It’s in a two-acre forest clearing, and although there are tombstones dating back to the 1880s, there are several of graves of people buried in recent years. There are plots that have been reserved, judging by the blank spaces for death dates on tombstones, making the cemetery a particularly curious case.

While the city said there are no more burials at the cemeteries it owns, Bruce Penney said there was one at Torbolton Cemetery as early as three weeks ago.

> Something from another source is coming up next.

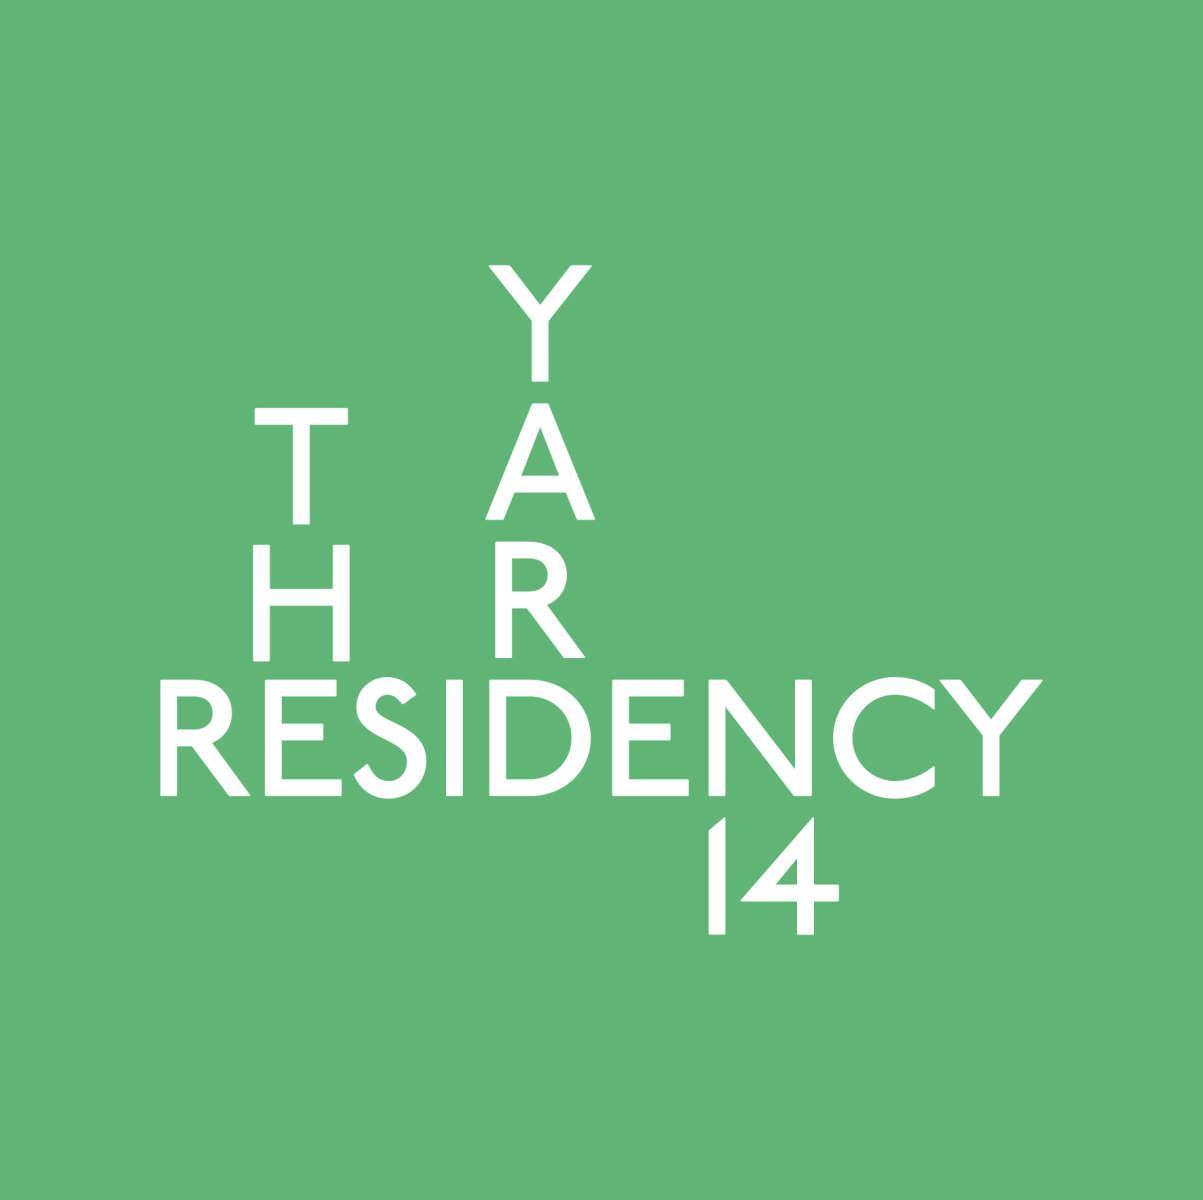 yard14logo_green
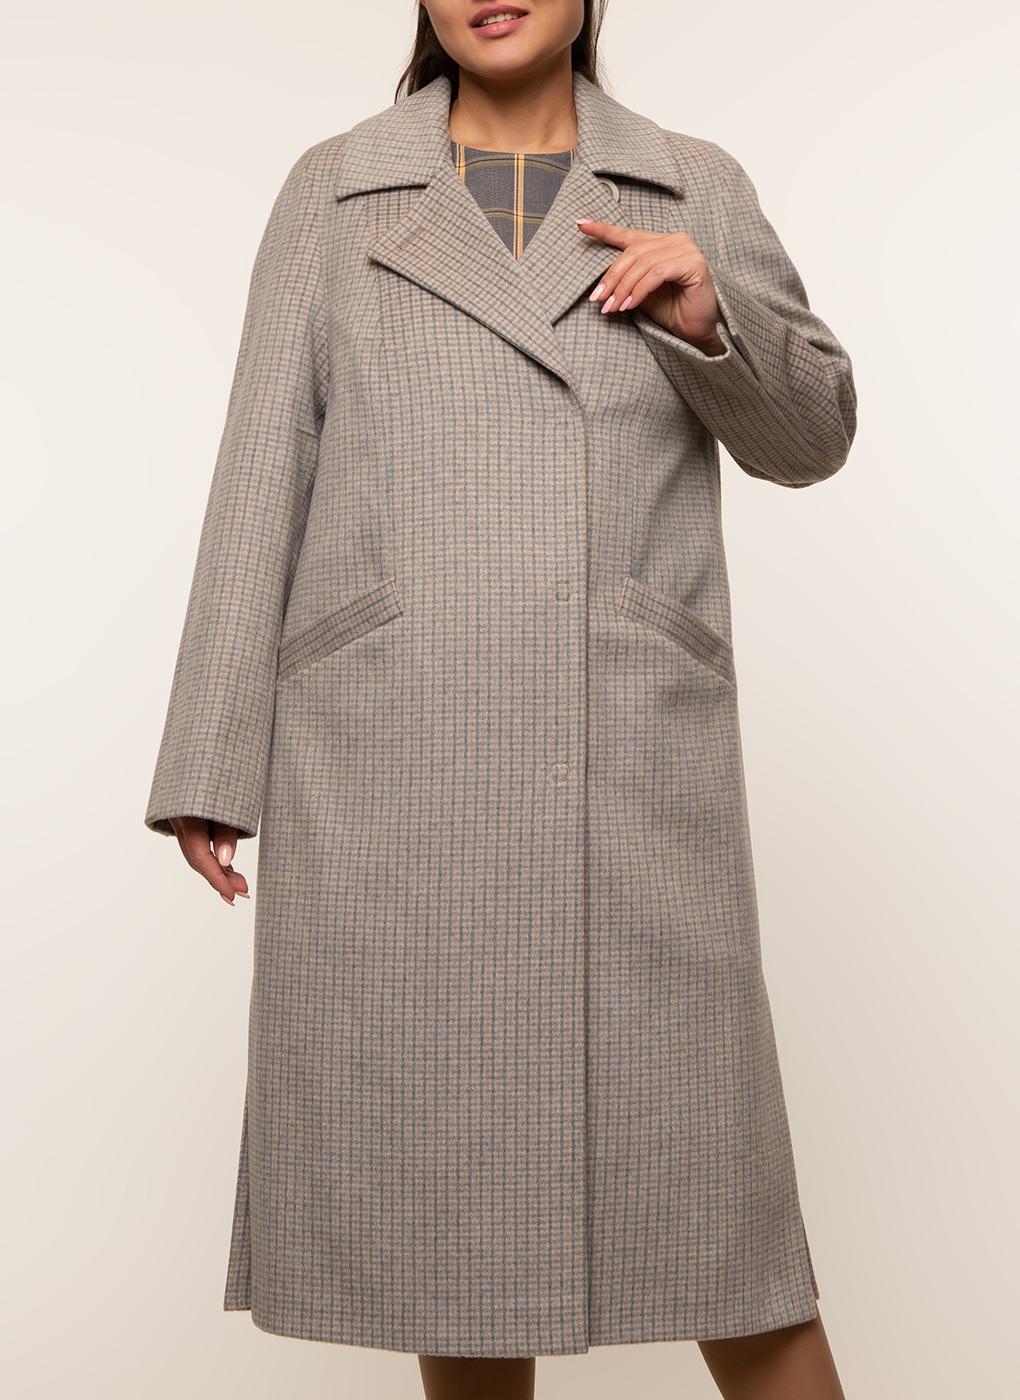 Пальто прямое 41, Синар фото

Penney, 66, and other local families take care of the grounds, which explains why the city didn’t spend a cent on the upkeep in 2016. He’s the one who digs the graves, as long as the funeral home shows a death certificate. The city knows about the arrangement, he said.

It must have been around municipal amalgamation in 2001 that the cemetery became city property, Penney said, but the volunteer families are perfectly happy with being in charge of the its operations without the city’s interference.

“We’ve run it very successfully for the last 100 years or so,” said Penney, who estimated that 20 to 30 of his family members are buried there.

“If the city takes over, then everything it going to turn into a quagmire.”

jwilling@postmedia.com

twitter.com/JonathanWilling



Cemeteries assumed by the City of Ottawa

Billings Estate — 2100 Cabot St.

Moodie cemetery at Claudette Cain Park — 668 River Rd.

Youngs Pond Road Cemetery — 21 Young Rd.

7501 Copeland Rd.

Craighurst Drive, near Roger Stevens Drive

Hazeldean Cemetery — 436A Hazeldean Rd.

Protestant cemetery — 441 Rideau Rd.

Presbyterian cemetery — Albion Road at High Road

United Church cemetery — Bank Street at Analdea Drive

Patterson Cemetery — 2460 Forced Rd.

Protestant cemetery — 864 River Rd.

United Church cemetery — 3521 Donnelly Dr.

Baptist cemetery — 3594 Upper Dwyer Hill Rd.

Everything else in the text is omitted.